>>>>
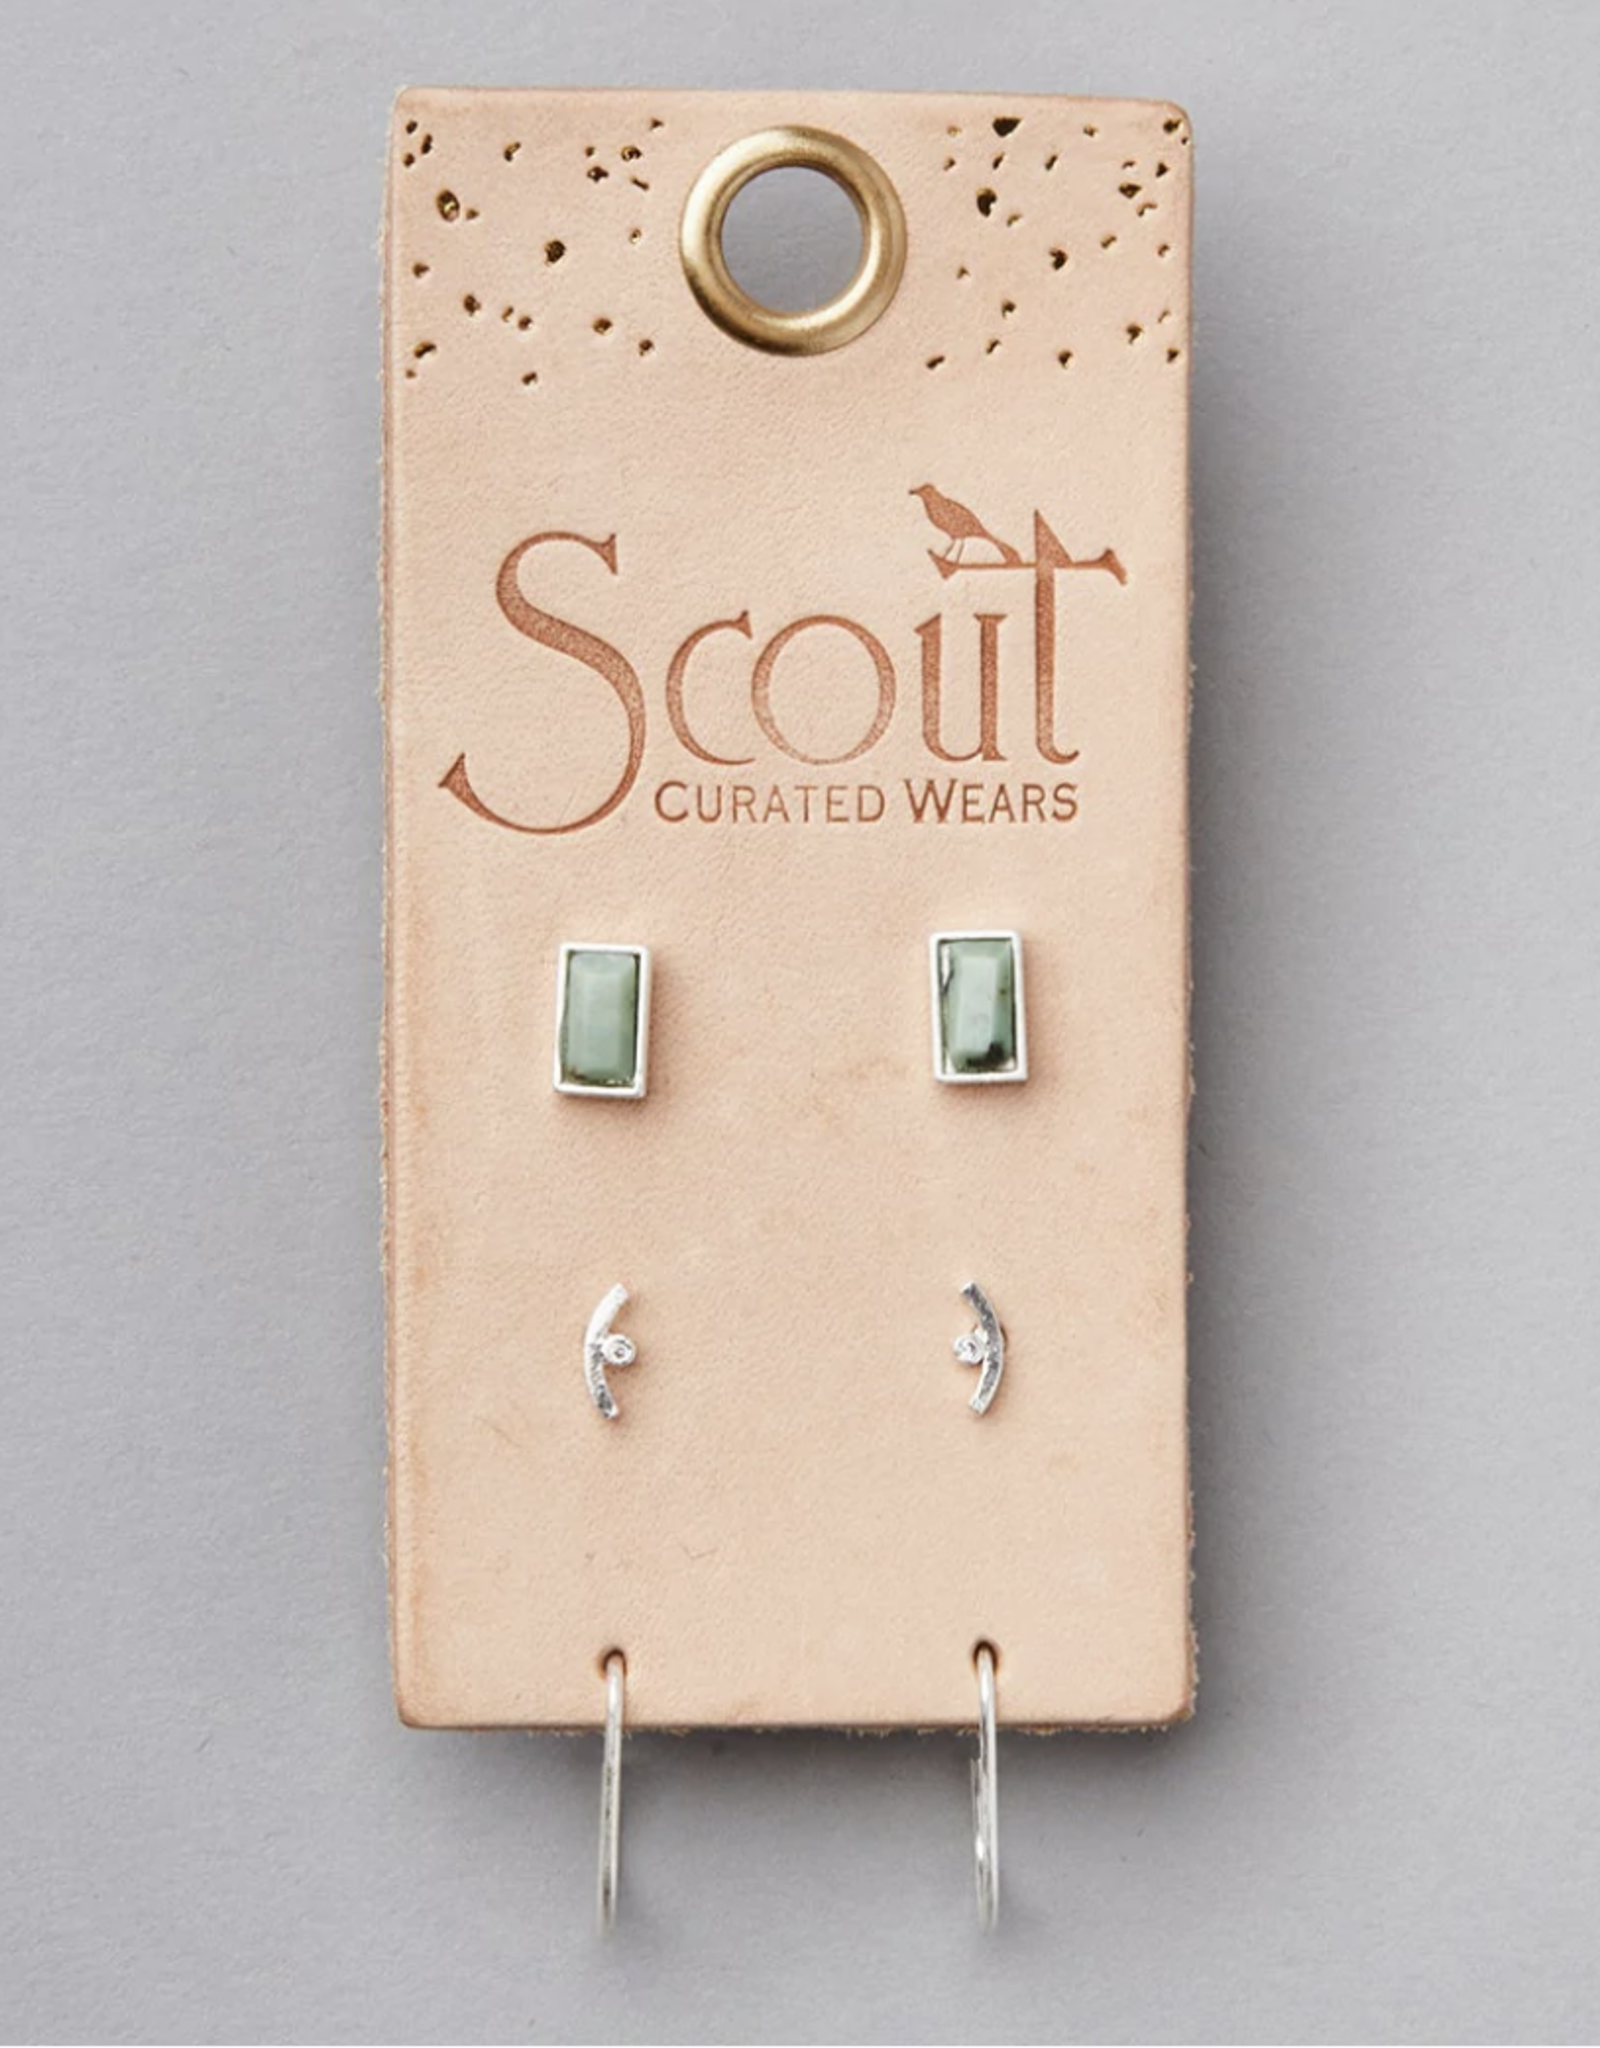 Scout Courtney Stud Earring Trio- Silver
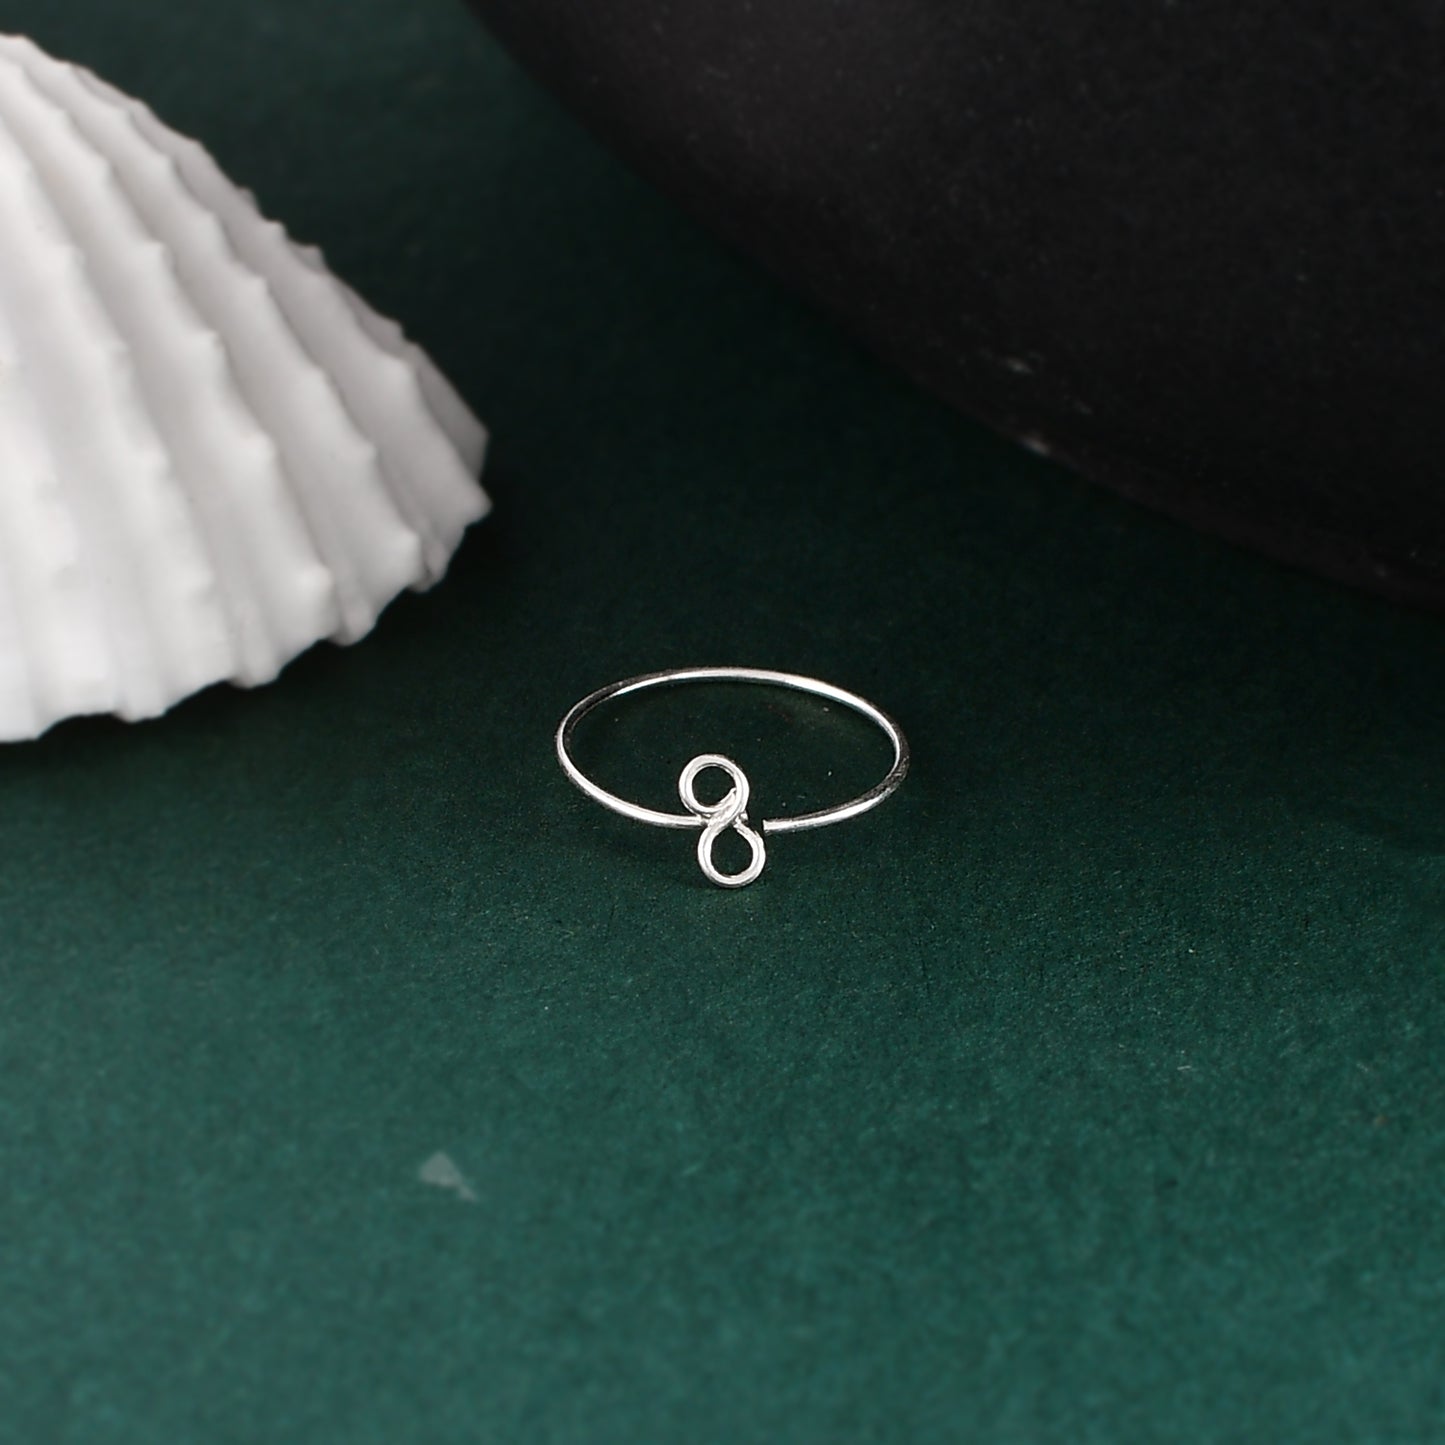 Women's Handmade Sterling Silver 925 Infinity Nose Ring - 10mm
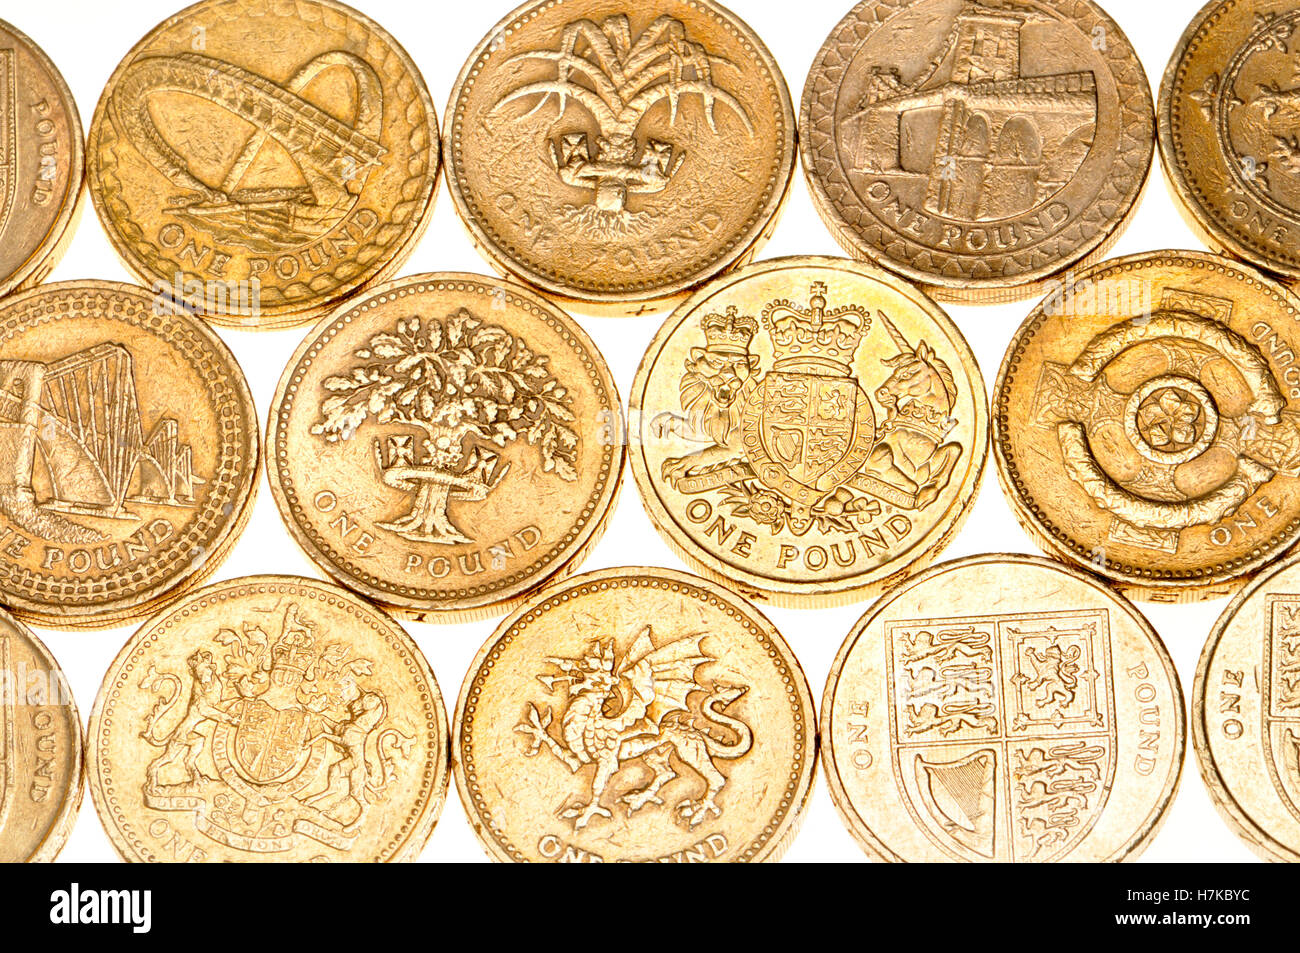 British pound coins with different designs on the reverse Stock Photo
<<<<
Word-for-word transcript, pictures excluded: copy all the material above.

SOLUTION FOR THIS PROBLEM:
 Scout Courtney Stud Earring Trio- Silver
 Women's Handmade Sterling Silver 925 Infinity Nose Ring - 10mm
 British pound coins with different designs on the reverse Stock Photo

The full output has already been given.